We will also conduct a search of www.ClinicalTrials.gov and the World Health Organization (WHO) International Clinical Trials Registry Platform (ICTRP) Search Portal (apps.who.int/trialsearch) for ongoing or unpublished trials.

We will also search regulatory data from EMA (www.ema.europa.eu/ema) and FDA (www.fda.gov/Drugs/InformationOnDrugs).

We will search all databases from their inception to the present, and we will impose no restriction on language of publication or publication status.

We will not perform a separate search for adverse effects of interventions used for the prevention of LCOS and mortality in paediatric patients undergoing surgery for congenital heart disease. We will consider adverse effects described in included studies only.

Searching other resources

We will check reference lists of all included studies and any relevant systematic reviews identified for additional references to trials. We will also examine any relevant retraction statements and errata for included studies. We will contact study authors for missing data and to obtain any available data from ongoing trials.

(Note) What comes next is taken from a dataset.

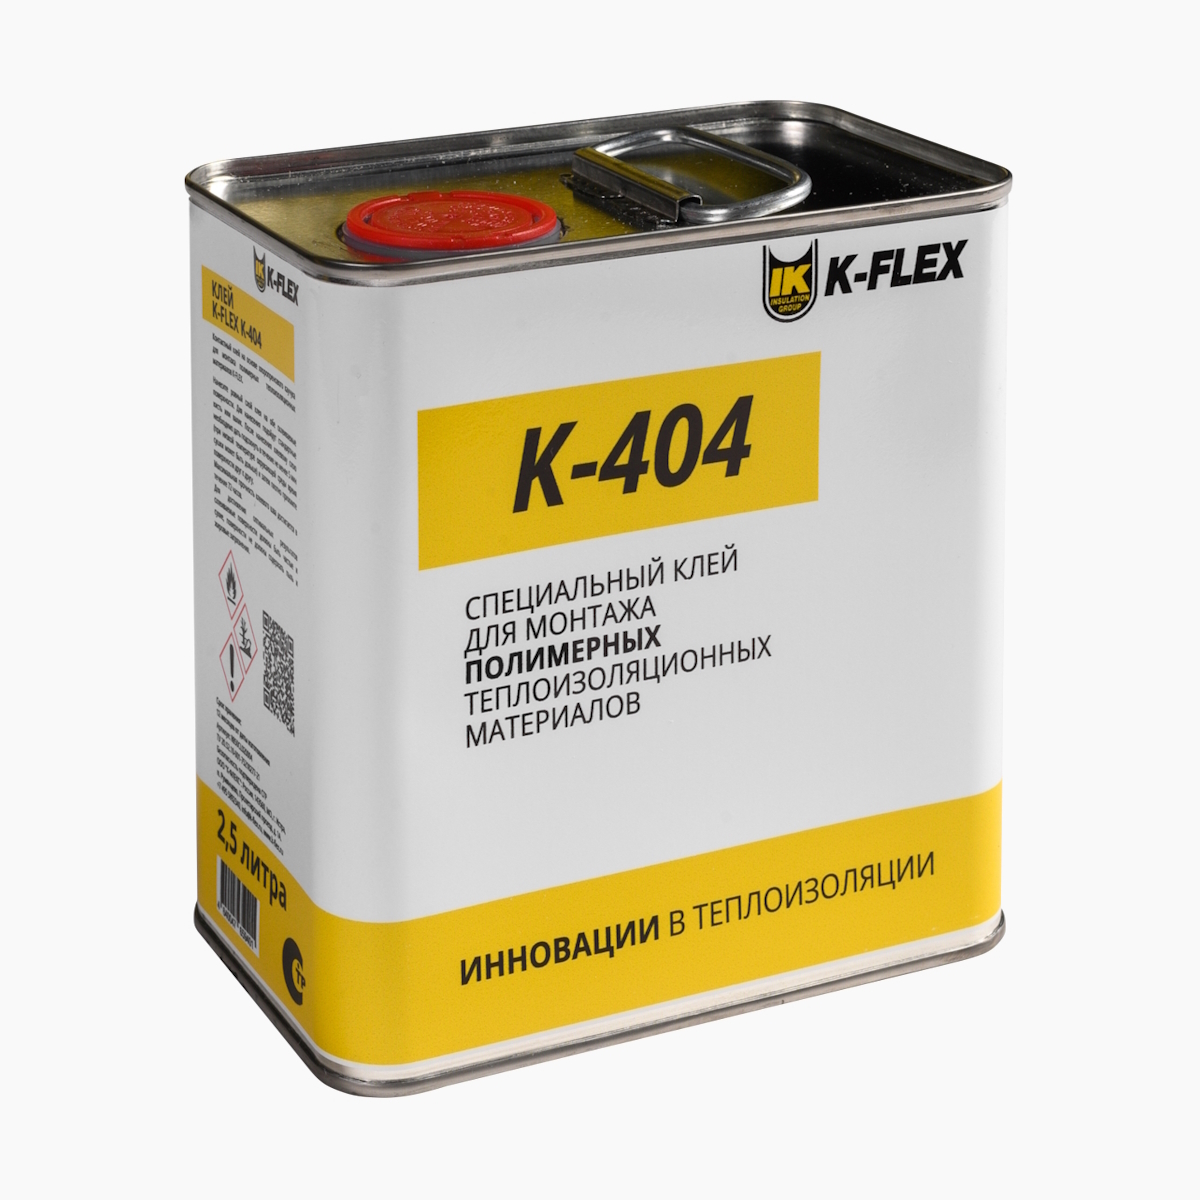 K flex pe compact. Клей k-Flex 2,6 л k 467. Клей k-Flex k 414 2,6 л. Клей для изоляции k-Flex. Клей для трубной изоляции k-Flex.

Data collection and analysis

Selection of studies

Two review authors (BB, JH) will independently screen titles and abstracts for inclusion of all the potential studies we identify as a result of the search and code them as 'retrieve' (eligible or potentially eligible/unclear) or 'do not retrieve'. If there are any disagreements, we will ask a third author (BS) to arbitrate. We will retrieve the full‐text study reports/publication and two review authors (BB, JH) will independently screen the full text and identify studies for inclusion, and identify and record reasons for exclusion of the ineligible studies. We will resolve any disagreement through discussion or, if required, we will consult a third author (BS). We will identify and exclude duplicates and collate multiple reports of the same study so that each study rather than each report is the unit of interest in the review. We will record the selection process in sufficient detail to complete a PRISMA flow diagram and 'Characteristics of excluded studies' table (Liberati 2009).

Data extraction and management

We will use a data collection form, which we will have piloted on at least one study in the review, for study characteristics and outcome data. Two review authors (BB, JH) will extract study characteristics from included studies. We will extract the following study characteristics.

  1. Methods: study design, total duration of study, number of study centres and location, study setting, and date of study.

  2. Participants: N randomised, N lost to follow‐up/withdrawn, N analysed, mean age, age range, age subgroups (if available), gender, type and severity of CHD (including univentricular versus biventricular CHD), diagnostic criteria, inclusion criteria, and exclusion criteria.

  3. Interventions: intervention, comparison, concomitant medications, and excluded medications.

  4. Outcomes: primary and secondary outcomes specified and collected, and time points reported. If additional data are needed to derive hazard ratios, we will contact the individual study authors and ask them to provide additional data.

  5. Notes: funding for trial, and notable conflicts of interest of trial authors.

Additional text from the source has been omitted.